== Exercise goal ==
Take the records below and set down exactly the lines from the one with "This hand-knotted wool" to the one with "This rug measures 12' x 21'3", ends included; do not copy the pictures.

== Supplied material ==

──────────

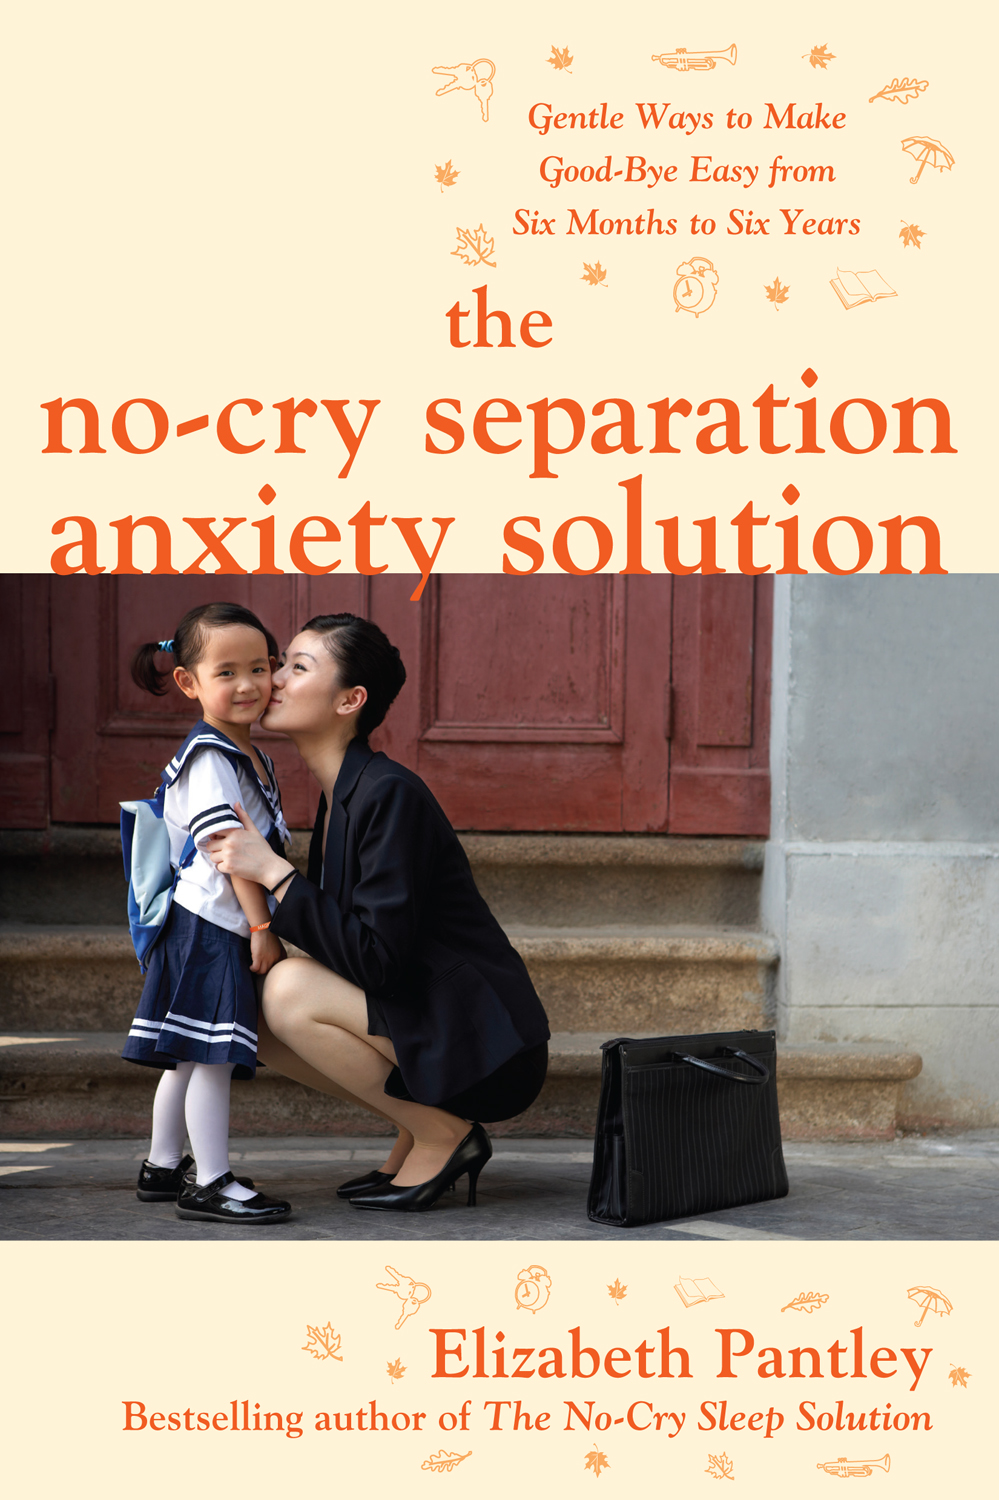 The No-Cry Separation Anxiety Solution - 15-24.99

──────────

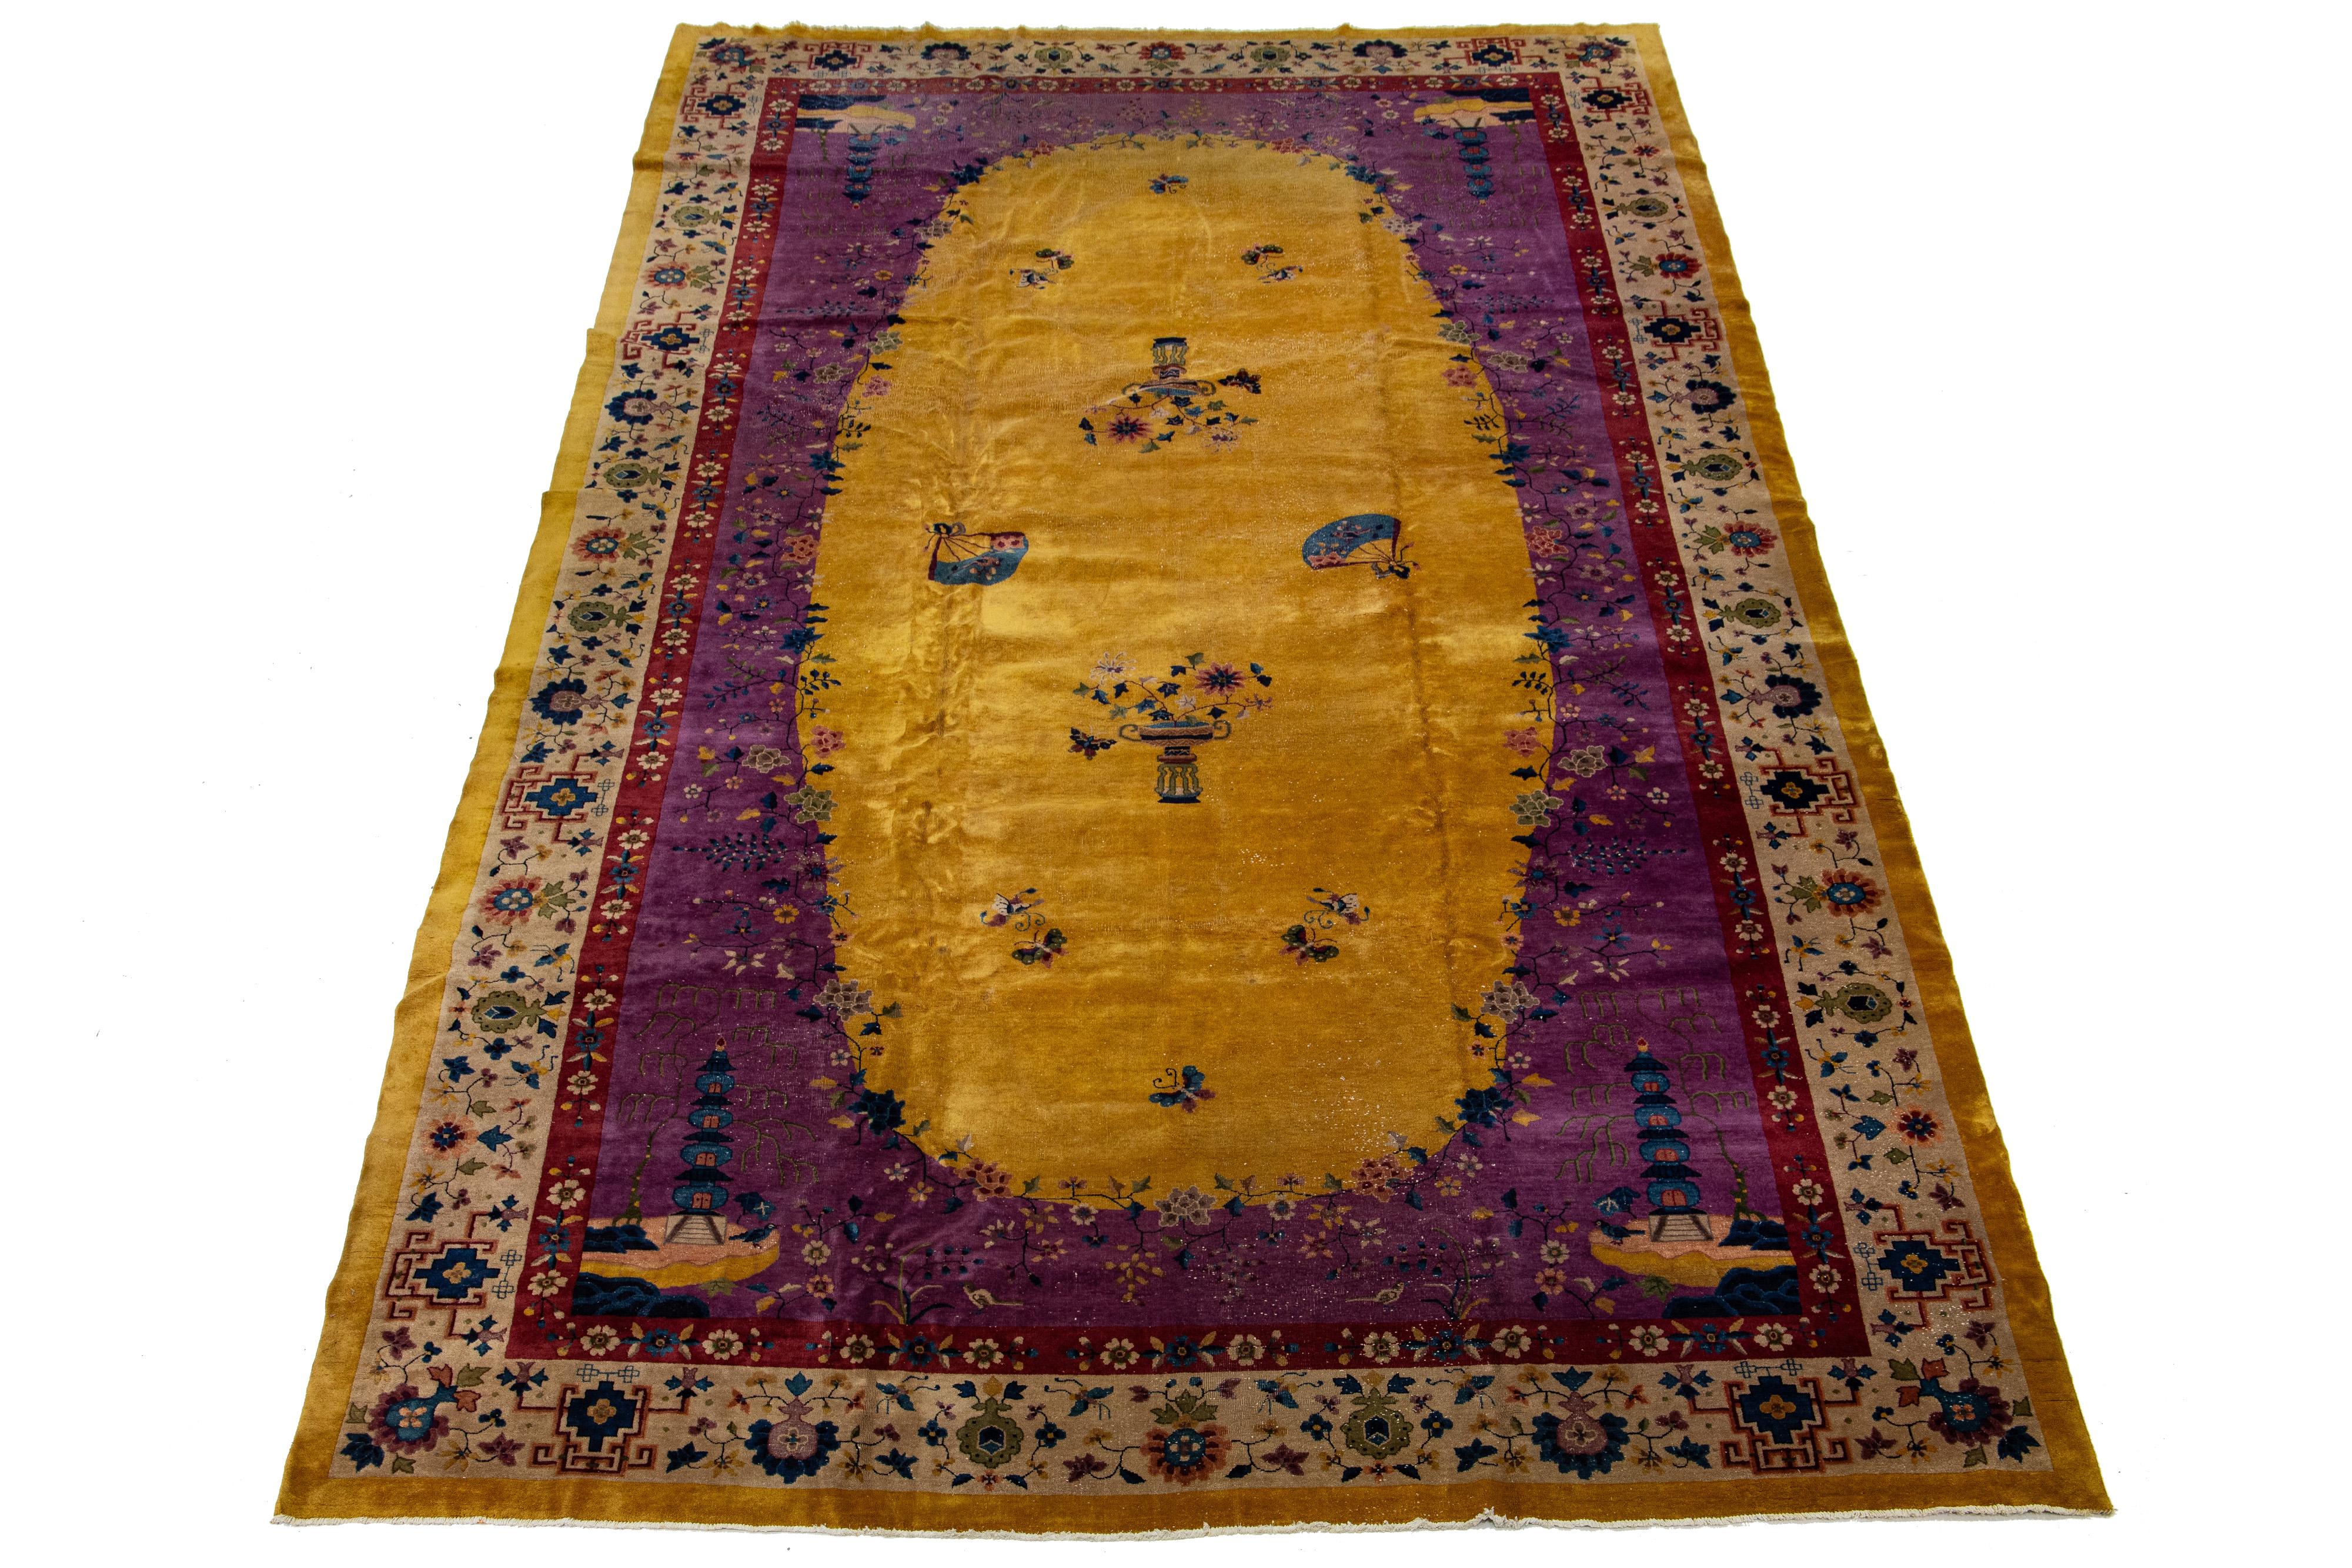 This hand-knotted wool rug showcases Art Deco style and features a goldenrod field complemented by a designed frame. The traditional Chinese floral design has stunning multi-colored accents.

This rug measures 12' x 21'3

──────────

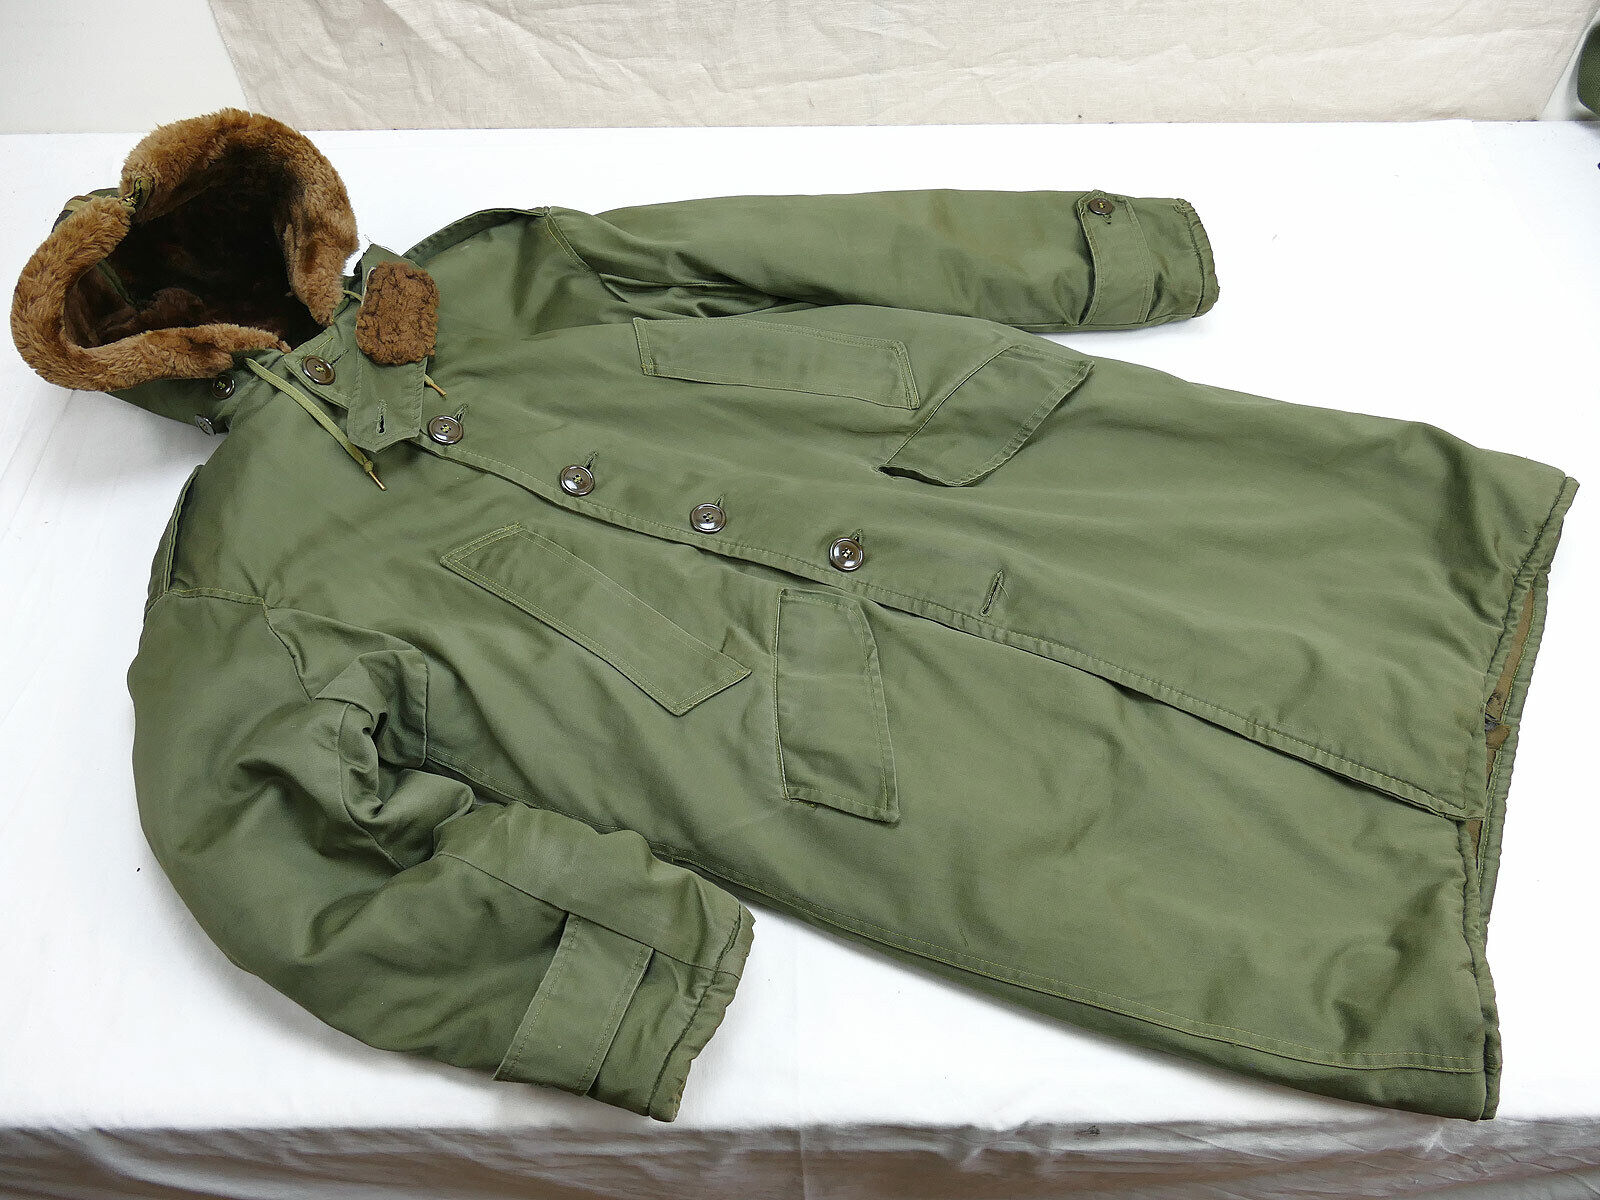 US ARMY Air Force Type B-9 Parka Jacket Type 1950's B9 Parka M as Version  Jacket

──────────

== Completed exercise ==
 This hand-knotted wool rug showcases Art Deco style and features a goldenrod field complemented by a designed frame. The traditional Chinese floral design has stunning multi-colored accents.

This rug measures 12' x 21'3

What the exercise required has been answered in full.